Five reasons England’s Nations League opener is their most important game in history

Forget the glory of 1966 – England are about to enter a new era in international competition, and there is a lot on the line...


It’s not every year we get to experience the birth of a new footballing tournament, so the debut of the UEFA Nations League this week has been something to savour.

Developed primarily as a way to diminish the number of pointless international friendlies, the new competition gives actual meaning to games, particularly between the continent’s elite.

During the opening week alone, we’ve been given the opportunity to enjoy stand-out fixtures such as Germany vs France, France vs Netherlands, and the one everyone wanted to see: Kazakhstan vs Georgia.

England make their debut in the new biennial tournament at Wembley on Saturday evening, taking on Luis Enrique’s Spain.

Gareth-Southgate-v-Colmbia-(R) tops the Nations League for football odds

Now, the cynical among you will see the creation of the Nations League as just another way of trying to add credibility to international football – something that’s waned significantly over the last 20 years thanks to the immense growth and popularity of the Premier League and Champions League.
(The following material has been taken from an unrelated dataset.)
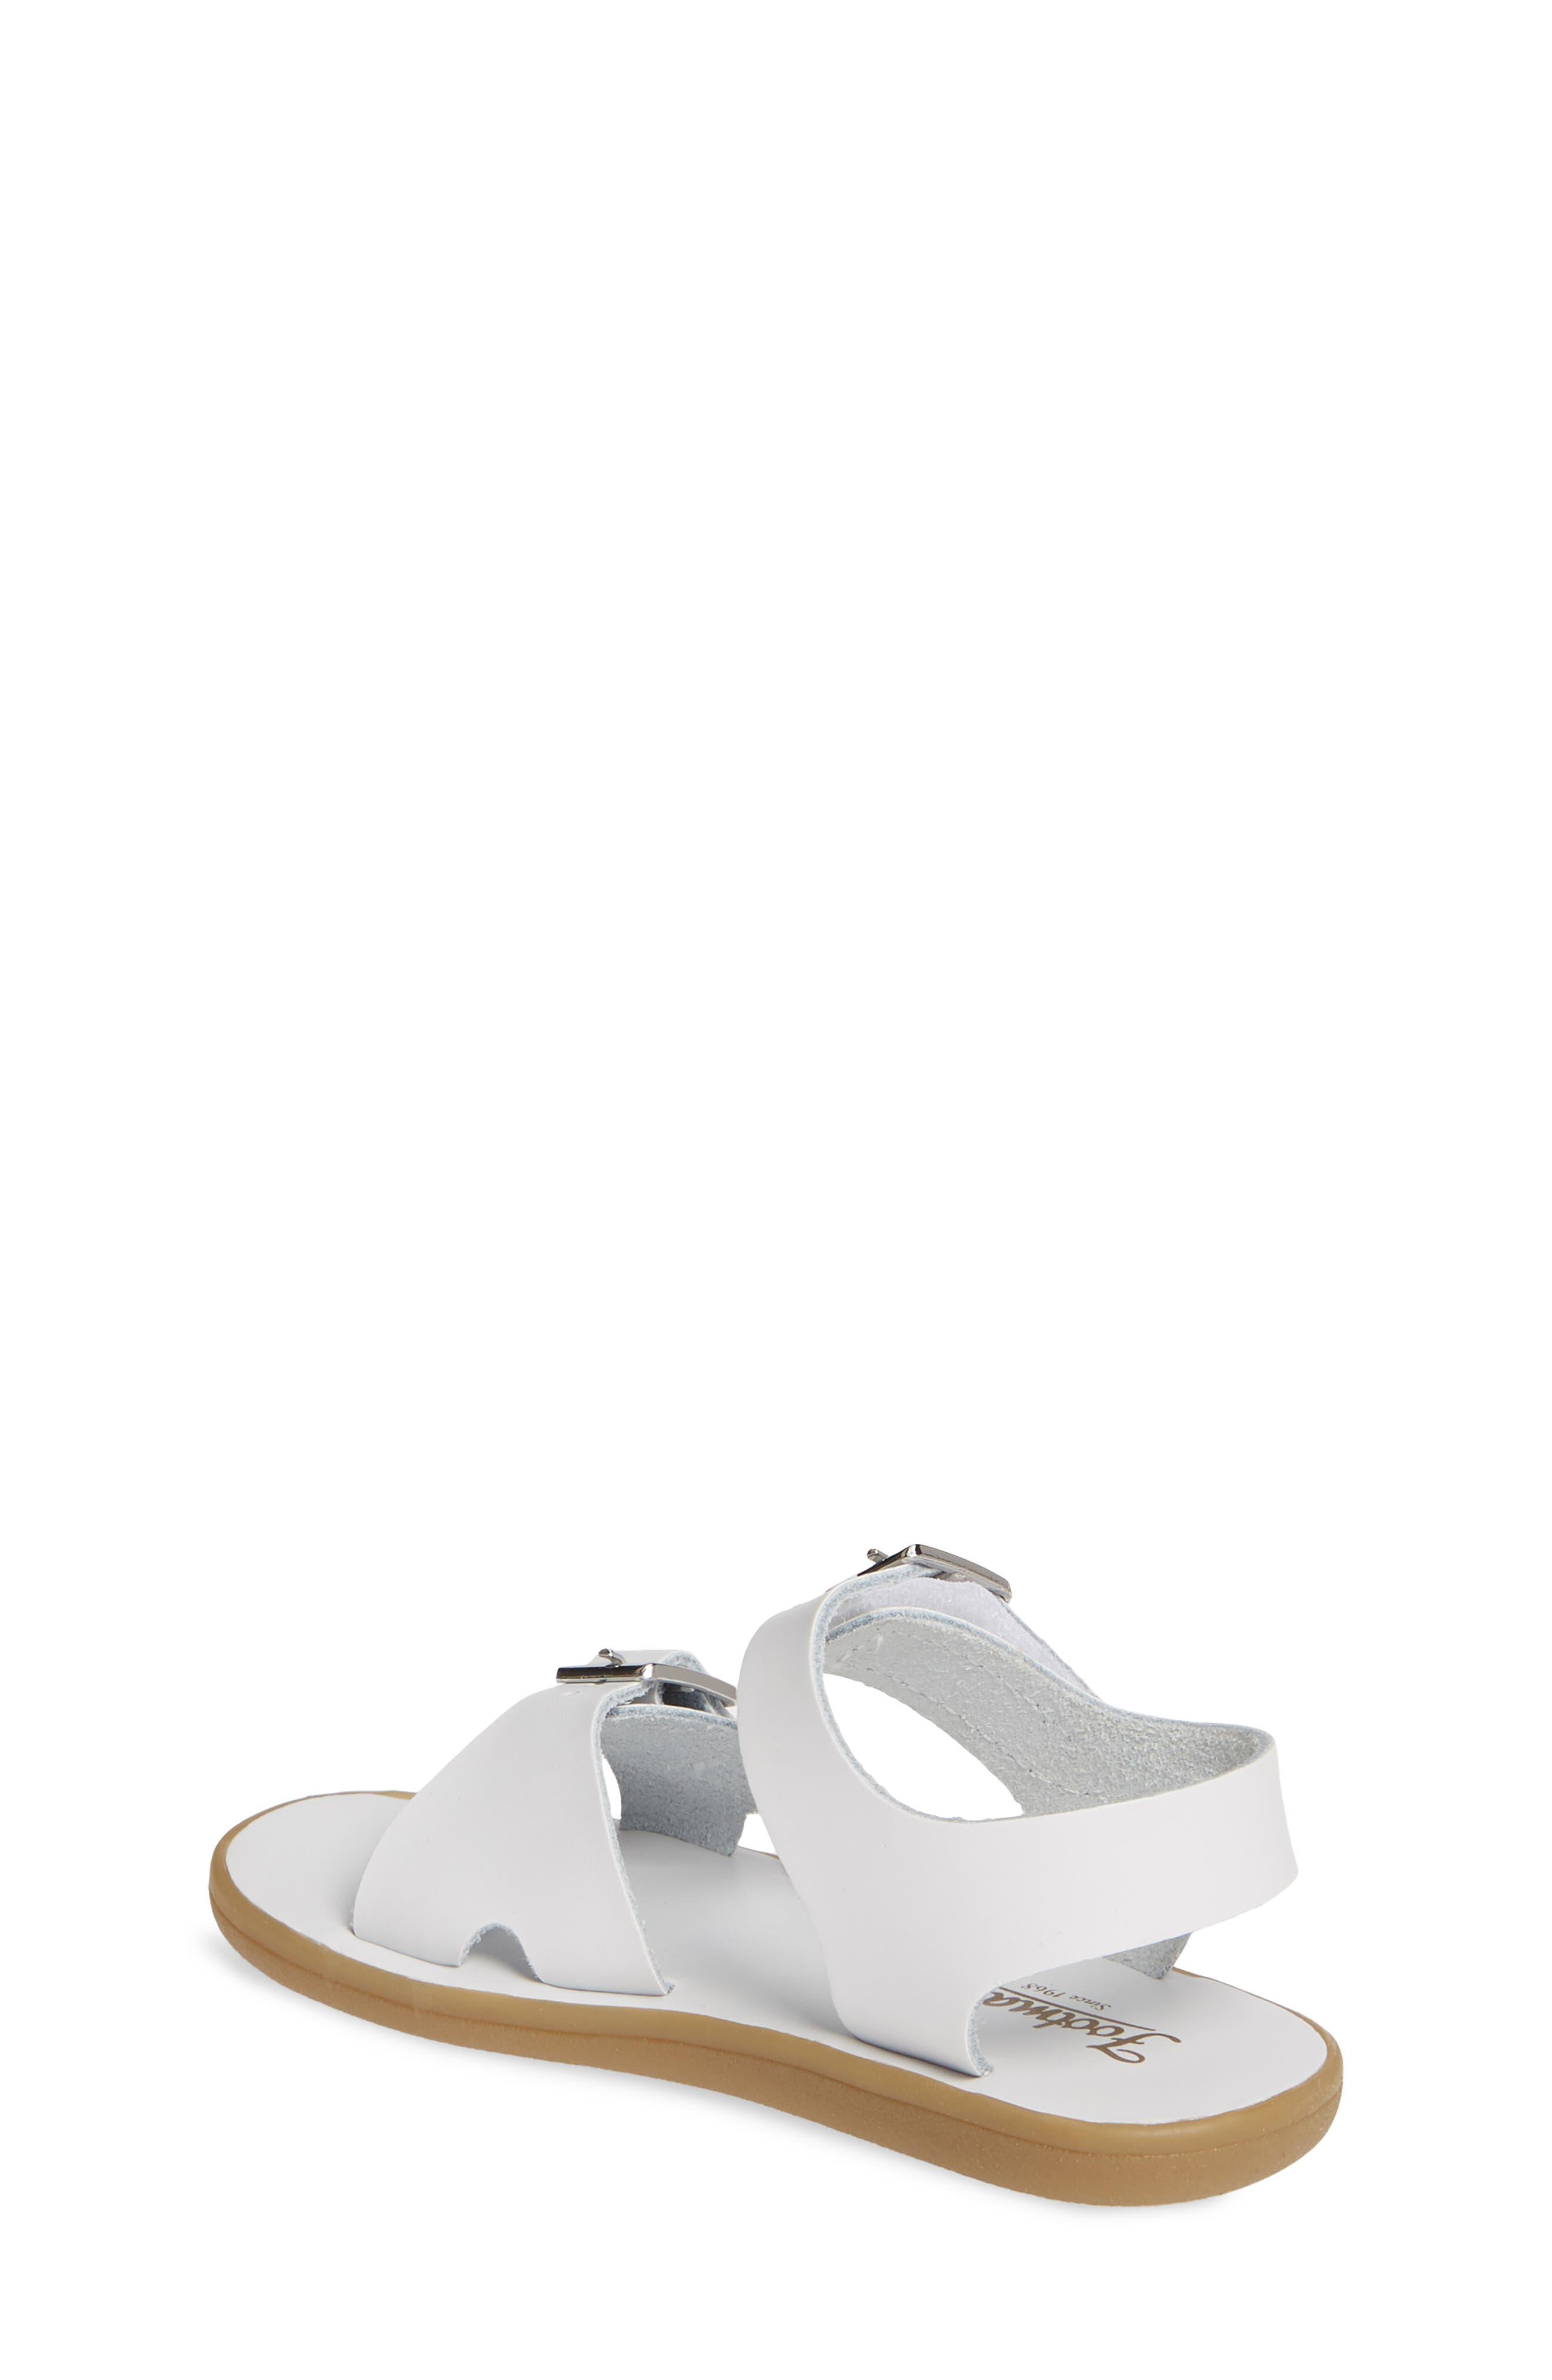 FOOTMATES,                             Tide Waterproof Sandal,                             Alternate thumbnail 2, color,                             WHITE
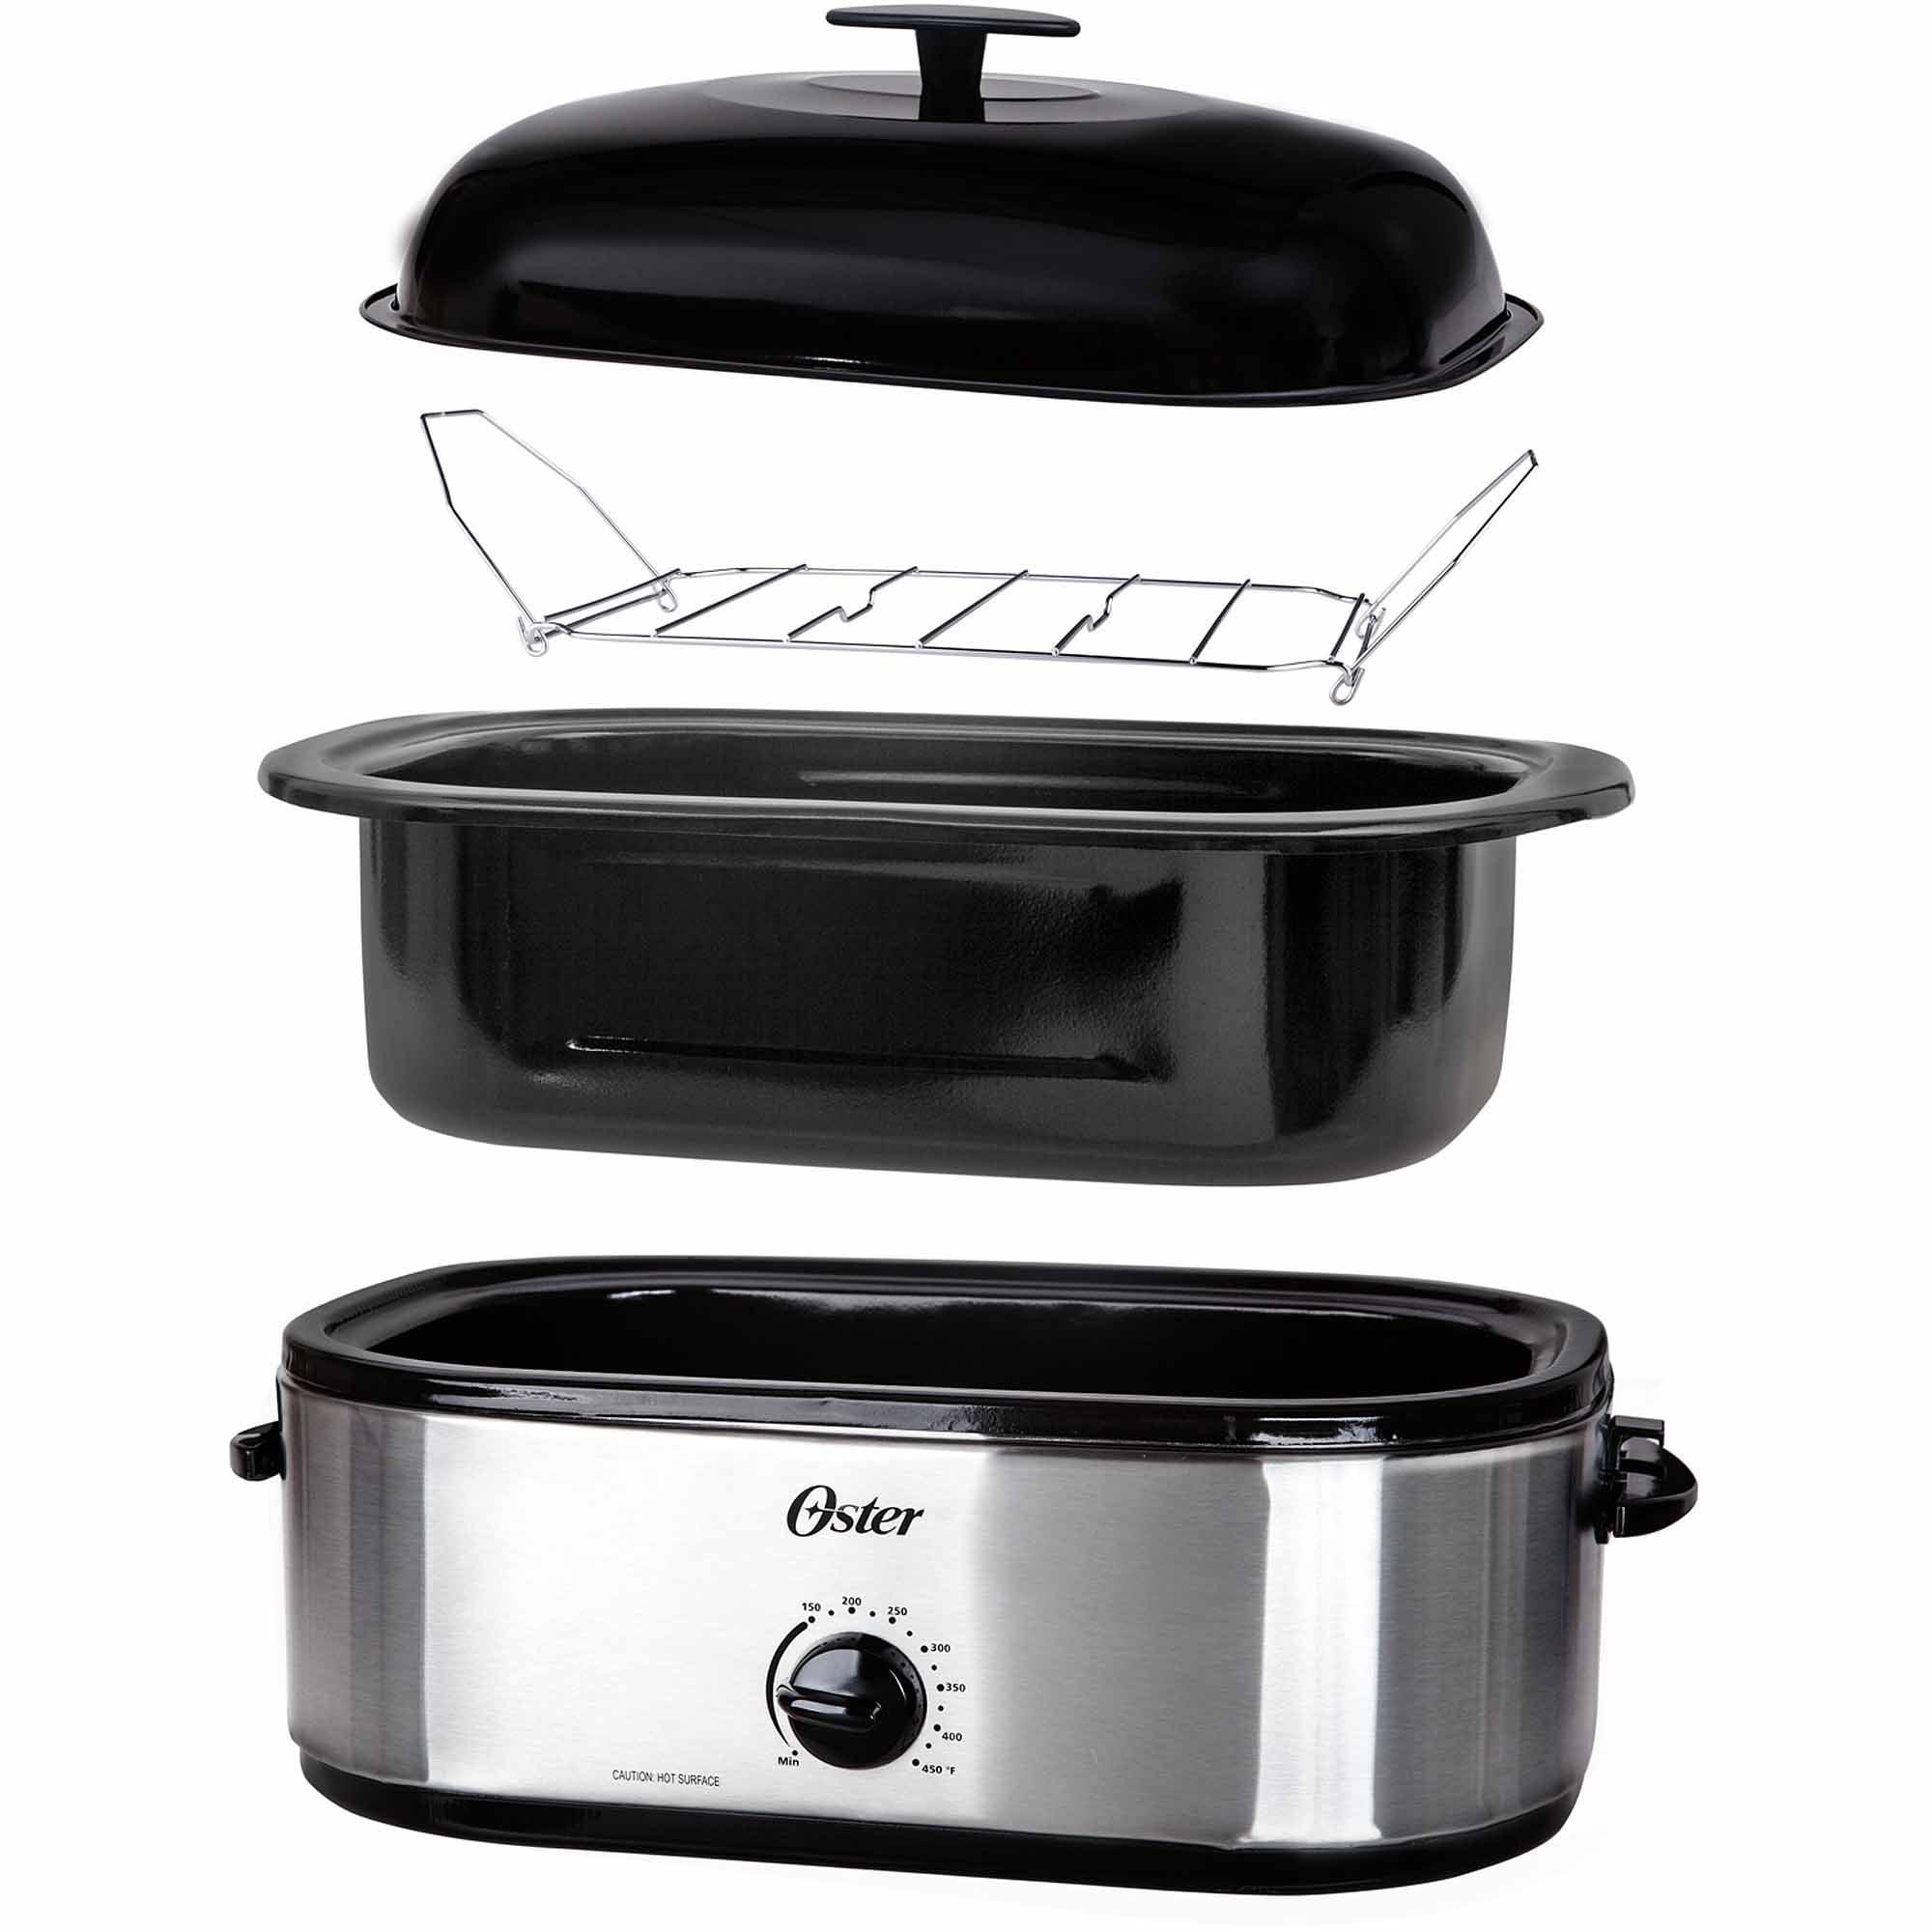 Oven & Toaster,Walmart.com

But how wrong that view is.

Far from being a glorified friendly, England are entering into a brave new world.

As they take to the Wembley pitch on Saturday night, they’ll be readying themselves for what is quite simply the biggest fixture in the country’s history.

Here’s why…

1. They must capitalise on renewed interest in the team

The giant wave of optimism that flooded the country during the summer came courtesy of the first memorable England World Cup campaign in a generation – and all the increasingly ludicrous “It’s Coming Home” memes that came with it.

Hope and interest in the national team was reborn. Suddenly, the usual frustrations of an international break arriving just as the Premier League kicks into gear is gone. Replacing it is genuine excitement to see Slabhead and co do battle once again.

Pubs will be busy, televisions will be tuned in, and it’s a vitally important chance to keep the renewed support for the national team rolling.

Do that, and this England team will continue to grow as they approach future major tournaments and seek real glory.

2. It’s a brand new start for the country

However expectant England fans may be going into major tournaments, they are always viewed through the prism of disappointment from yesteryear. Every World Cup brings back the pangs of agony from 1990’s heartbreak, and in future that will be replaced by 2018’s missed opportunity.

And when the travelling footballing circus that will be Euro 2020 rolls around, you can be sure the penalty shootout disappointment of Euro 96 will be brought up.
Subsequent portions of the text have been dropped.